References- Butler, Upchurch and Norman, 2008. The phylogeny of the ornithischian dinosaurs. Journal of Systematic Palaeontology, 6(1), 1-40.

Nesbitt, Smith, Irmis, Turner, Downs and Norell, 2009. A complete skeleton of a Late Triassic saurischian and the early evolution of dinosaurs. Science. 326, 1530-1533.

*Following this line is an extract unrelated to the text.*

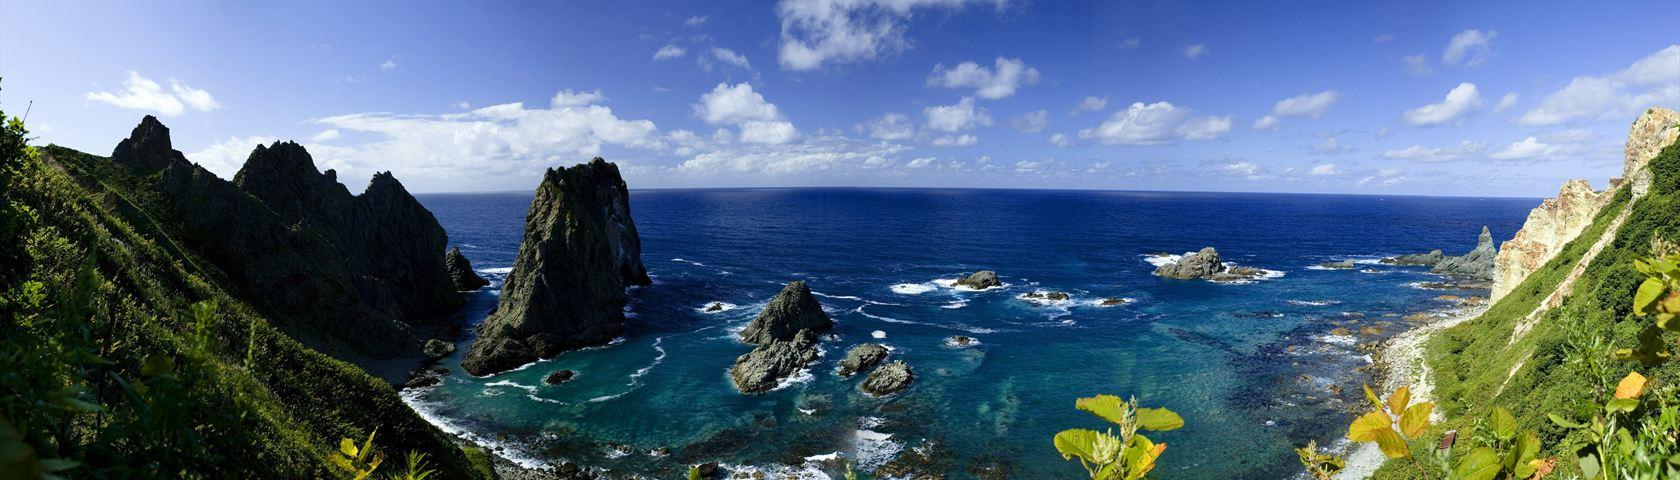 Japanese Shoreline

Martinez, Sereno, Alcober, Columbi, Renne, Montanez and Currie, 2011. A basal dinosaur from the dawn of the dinosaur era in Southwestern Pangaea. Science. 331, 206-210.

Boyd, 2015. The systematic relationships and biogeographic history of ornithischian dinosaurs. PeerJ. 3:e1523.

Cabreira, Kellner, Dias-da-Silva, da Silva, Bronzati, Marsola, Muller, Bittencourt, Batista, Raugust, Carrilho, Brodt and Langer, 2016. A unique Late Triassic dinosauromorph assemblage reveals dinosaur ancestral anatomy and diet. Current Biology. 26(22), 3090-3095.

Marjanovic and Laurin, 2016. Reevaluation of the largest published morphological data matrix for phylogenetic analysis of Paleozoic limbed vertebrates. PeerJ Preprints. 4:e1596v2.